[GZG] Stargrunt suppression and enemies that won't??

7 posts ยท May 4 2008 to May 5 2008

From: Adrian Johnson <ajohnson@i...>

Date: Sun, 04 May 2008 15:43:24 +0100

Subject: [GZG] Stargrunt suppression and enemies that won't??

I'm sure this topic has been mentioned before but what can you do about
opponents that just don't suppress (eg. the aliens in the Aliens movie).

Even if you give green human troops a reason for not suppressing, (combat
drugs, etc), they become almost unbeatable.

So how do I increase kiiling power without turning SG2 into WH40K.

From: damosan@c...

Date: Sun, 4 May 2008 11:55:08 -0400

Subject: Re: [GZG] Stargrunt suppression and enemies that won't??
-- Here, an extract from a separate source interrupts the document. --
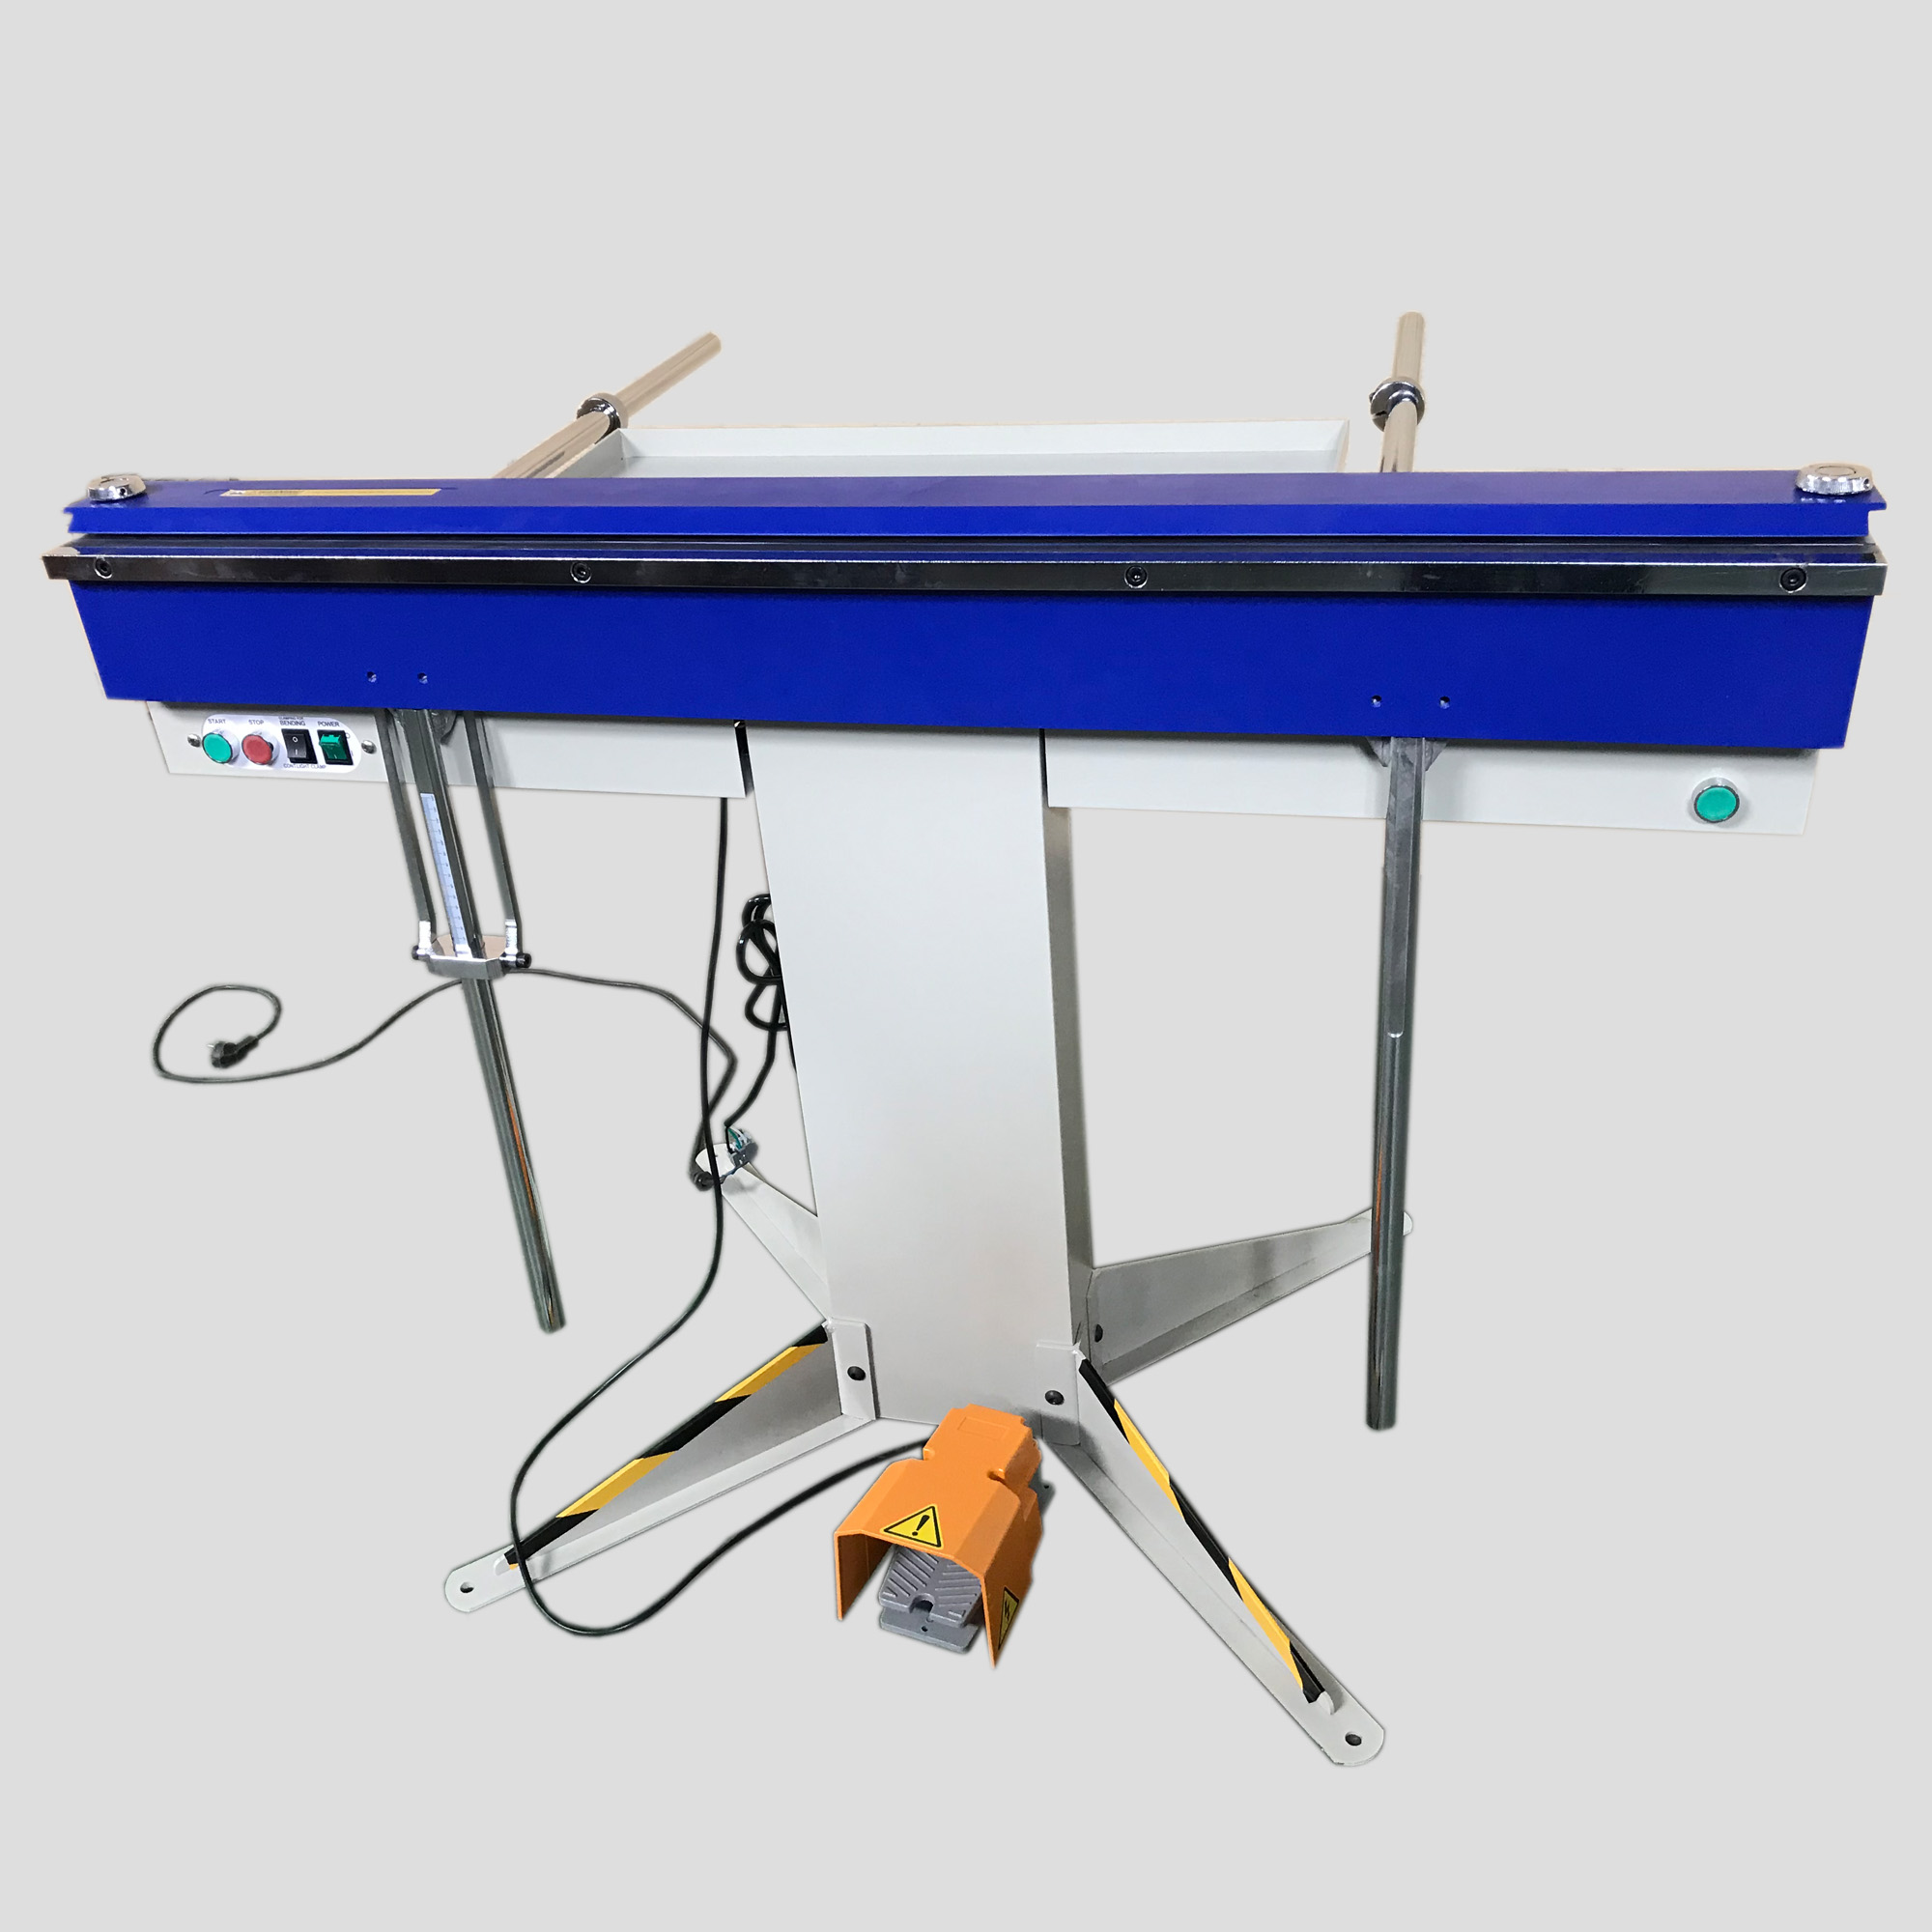 96″ Magnetic bending machine Magnabend 1250E Featured Image

> On May 4, 2008, at 10:43 AM, Adrian1 wrote:

General (quick) answers would be doubling of range bands and handing
out support weapons like they were grass seed.  Assume the non-horde
side has all sorts of artillery ready to drop, command detonated mines, drones
providing intel, squad support weapons everywhere, etc.

Any horde player that makes it through a wall of MGs, GLs, mines, and
artillery should be easy to take care of.

Damo

From: John Atkinson <johnmatkinson@y...>

Date: Sun, 4 May 2008 10:59:00 -0500

Subject: Re: [GZG] Stargrunt suppression and enemies that won't??
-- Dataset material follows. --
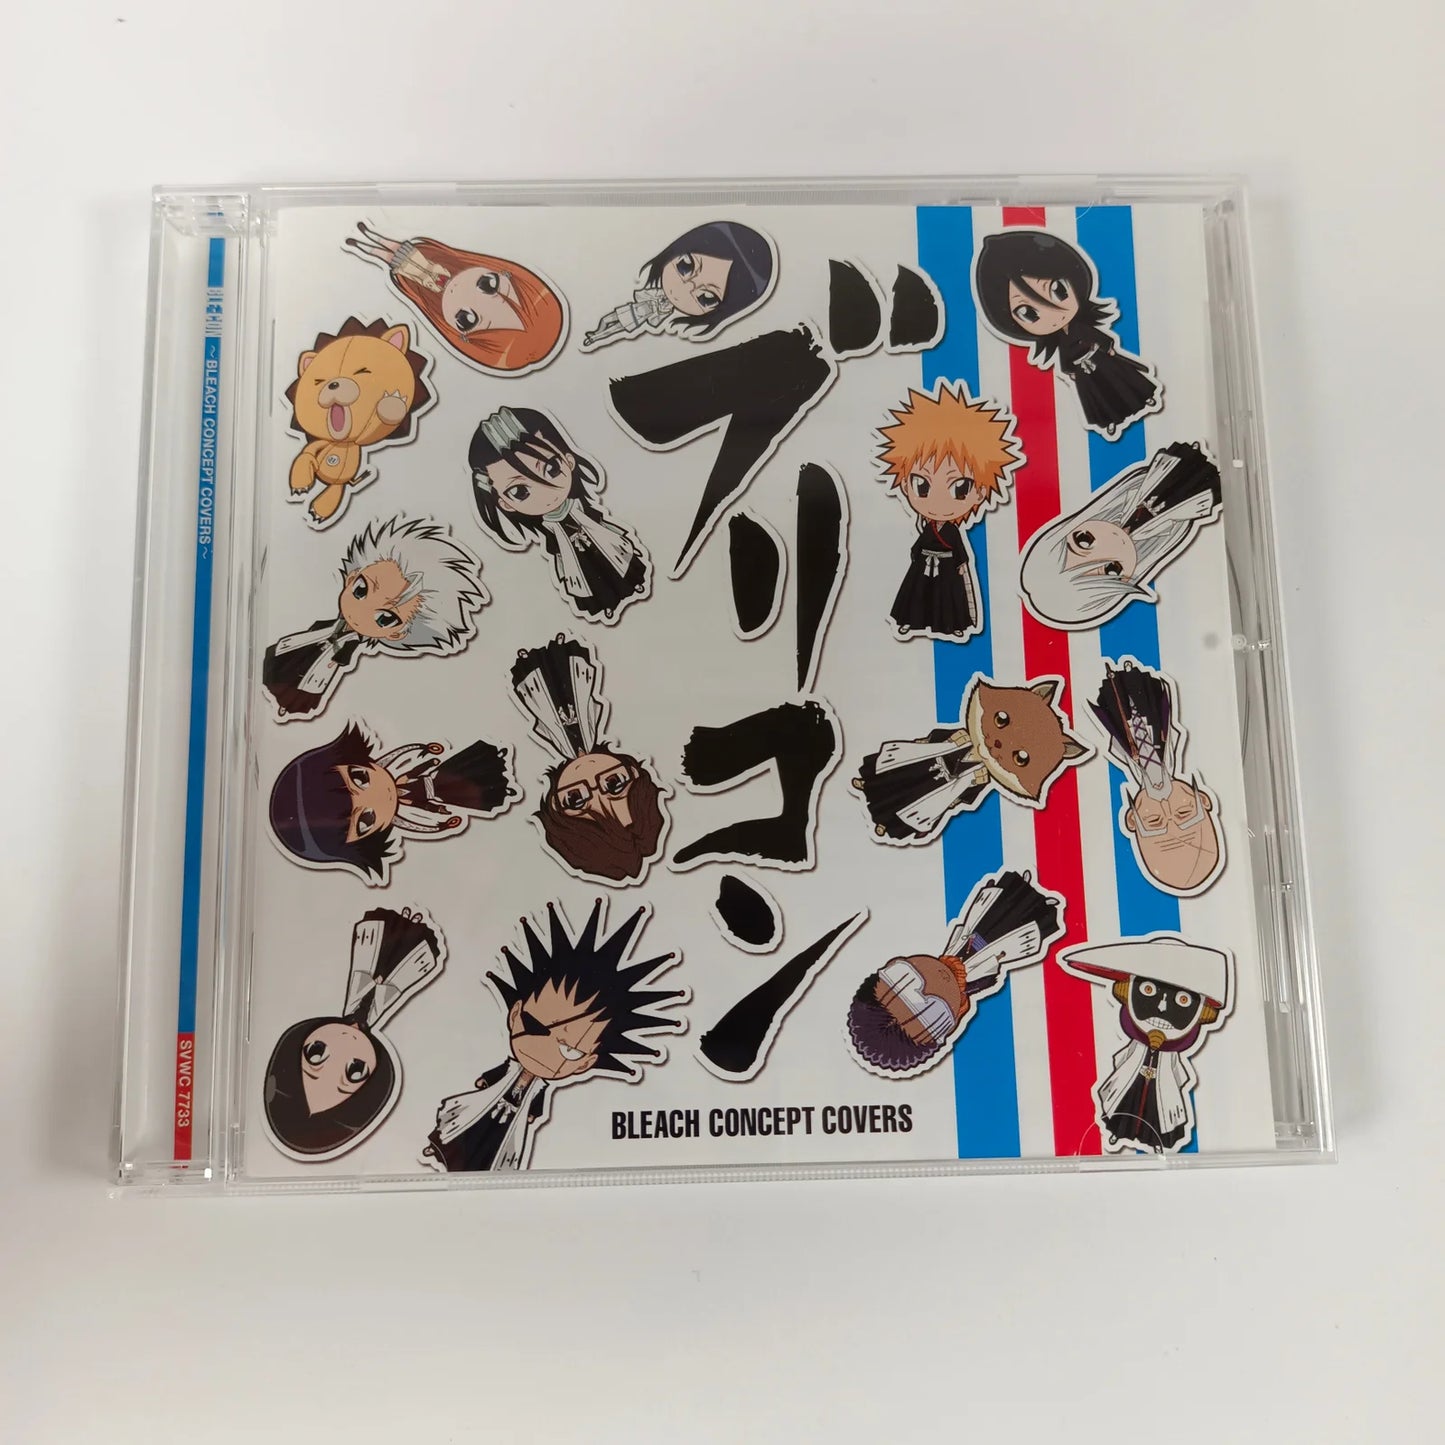 Bleach Concept Covers

> On Sun, May 4, 2008 at 9:43 AM, Adrian1 <al.ll@tiscali.co.uk> wrote:

It has been discussed in the past.

Here's my take. Caveat: A LOT of people disagree with me. YMMV.

Suppression models two things as far as I'm concerned. First is the natural
reflex to hide when folks shoot at you, second is the
common-sense piece of good tactics to find cover when rounds start
coming a bit too close. Because suppression on occurs when fire is "almost"
effective, to me it is primarily the latter. So people who aren't suppressed
aren't taking cover.

Simple solution: All minor successes which would impose only a suppression are
resolved as major successes which inflict casualties. Major successes have
their casualties doubled before armor is rolled.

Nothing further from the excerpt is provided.